That's a good idea. Thanks.  Another thing my vet had suggested is that it may be helpful to steam him in the bathroom for a few minutes every day, since this is likely to be related to inflammatory particles in his air sacs. My pet theory is that this is related to the fact that my parents (well, and I did too) let him spend like 10 years shredding cereal boxes that were hung from the top of his cage. So now I wonder if he has something like a factory worker's inflammatory lung disease from all of the dust he's inhaled over time. I know that's really un-scientific, but it would account for his symptoms.


----------



## srtiels (May 1, 2009)

*10 years shredding cereal boxes that were hung from the top of his cage. *
---------------------------------

Un-scientific or not, this very well could be the root of the problem. Good thinking again. Paper products consist of very fine hairlike (only smaller/microscopic) fibers that can get into the sinus cavitys and air sacs.

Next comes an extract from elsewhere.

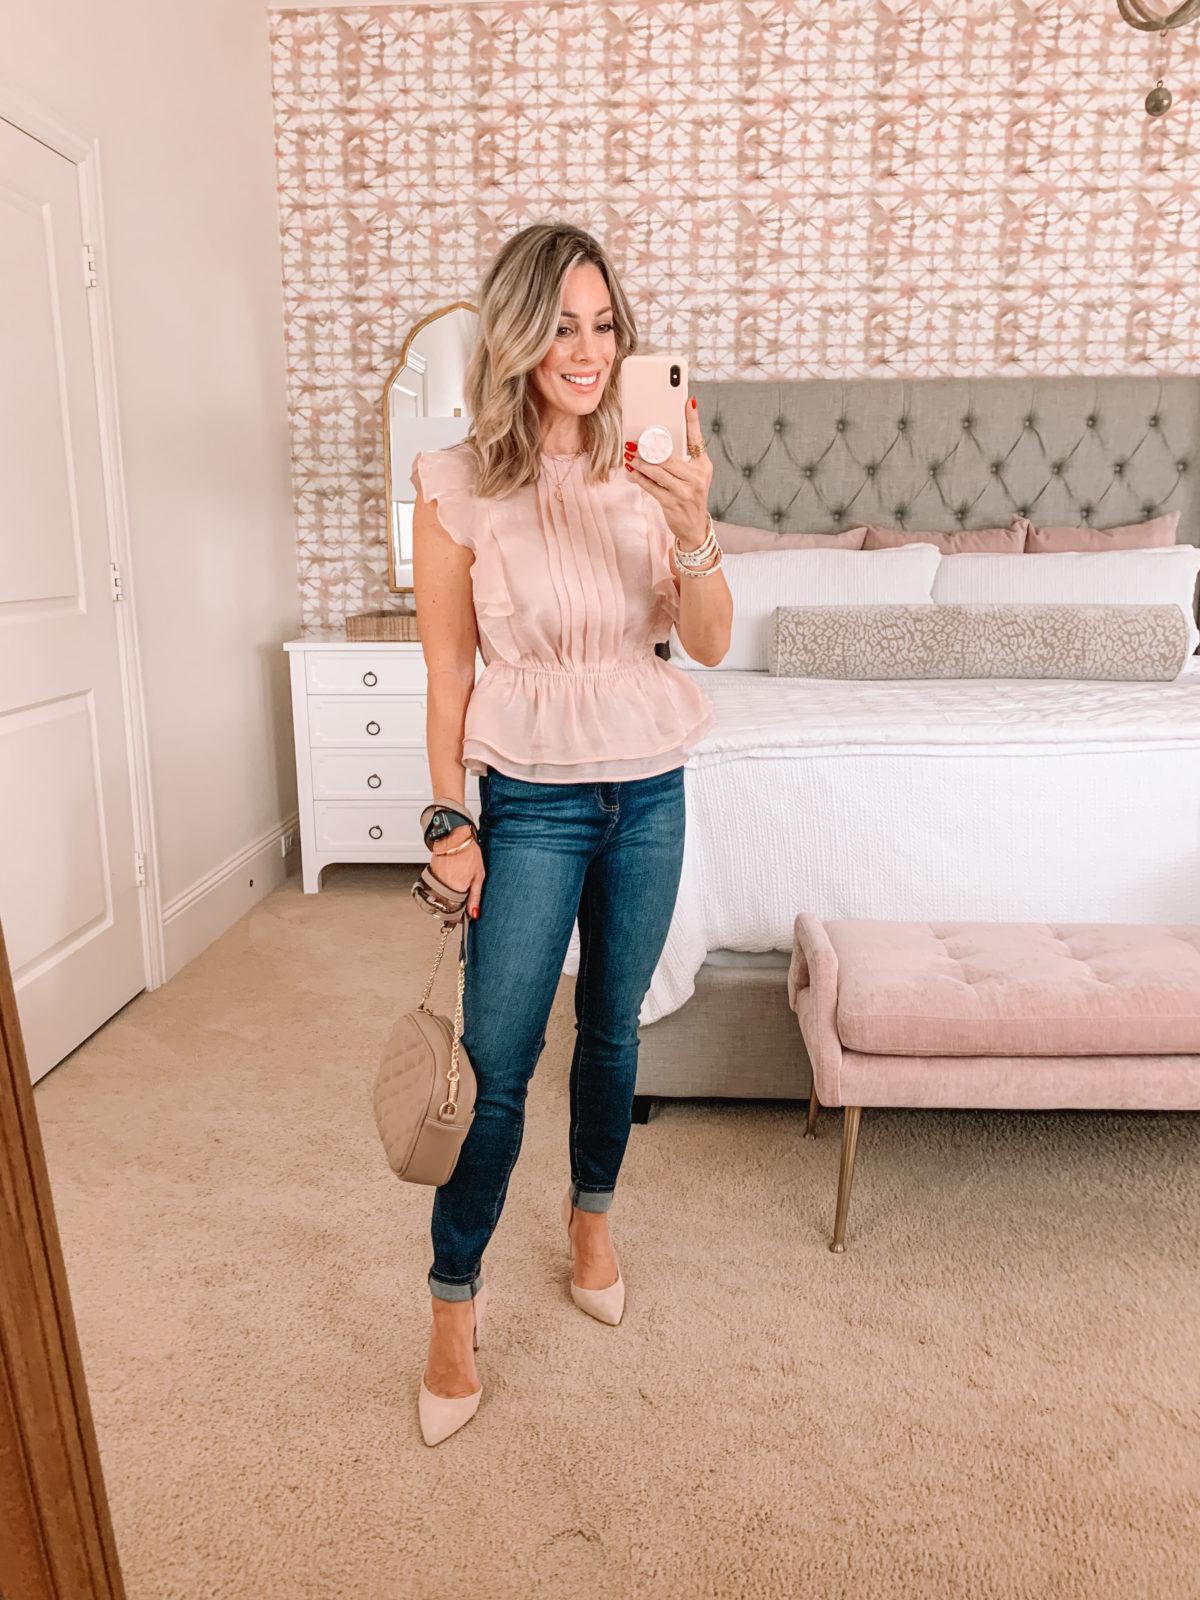 Dressing Room Finds, Pink Shimmer Peplum Top, Jeans, Heels

I have to look thru my herb books but herbs that act as an anti-inflammatory are: 

*Astragalus* immunostimulant, antibacterial, antiviral, anti-inflammatory, and diuretic

*Chamomile* topically it can help reduce inflammation

*Celery leaves, stalks, seeds* anti-inflammatory, diuretic, aphrodisiac

*Goldenseal* for inflammation of mucous membranes 

These are just a few....


----------



## bjknight93 (Nov 13, 2011)

It's possible; I wonder if that would show up on x-ray. But then if stuff showed up in his lungs on x-ray you might worry what else that could be.


----------



## enigma731 (Aug 12, 2011)

I wish we had been smarter about what we let him play with, but at the time we didn't know any better.  He and Roo are not allowed to have cardboard anymore. Well, she's never been allowed to have it. I took his away last summer when he was initially treated for allergies, but then I think my family started giving it to him again after I moved and before I brought him here. >.< 

From what you listed, it sounds like Goldenseal might be the most helpful for an air sac problem. How would you recommend giving it to him?


----------



## enigma731 (Aug 12, 2011)

bjknight93 said:


> It's possible; I wonder if that would show up on x-ray. But then if stuff showed up in his lungs on x-ray you might worry what else that could be.


We've talked several times about xray, and basically the vet feels that it would just show inflammation or no inflammation. The resolution isn't good enough to really determine what's causing the opacity of it's there. And we basically KNOW the inflammation is there from his symptoms. So it would be a lot of risk for not much benefit.


----------



## srtiels (May 1, 2009)

*It's possible; I wonder if that would show up on x-ray*

Here is a pix of a ruptured air sac for illustration only. The inside of the air sac is sticky, which is how the air sac can self-heal, if when deflated the edges can touch and adhere together. But in being sticky (lack of a better word) fine fibers can adhere to the inside of the sacs, which would thicken the tissue and also contribute to a slight crackling sound when restrained and breathing. BUT they would show up as a shadow on the air sacs with X-ray.


----------



## enigma731 (Aug 12, 2011)

srtiels said:


> BUT they would show up as a shadow on the air sacs with X-ray.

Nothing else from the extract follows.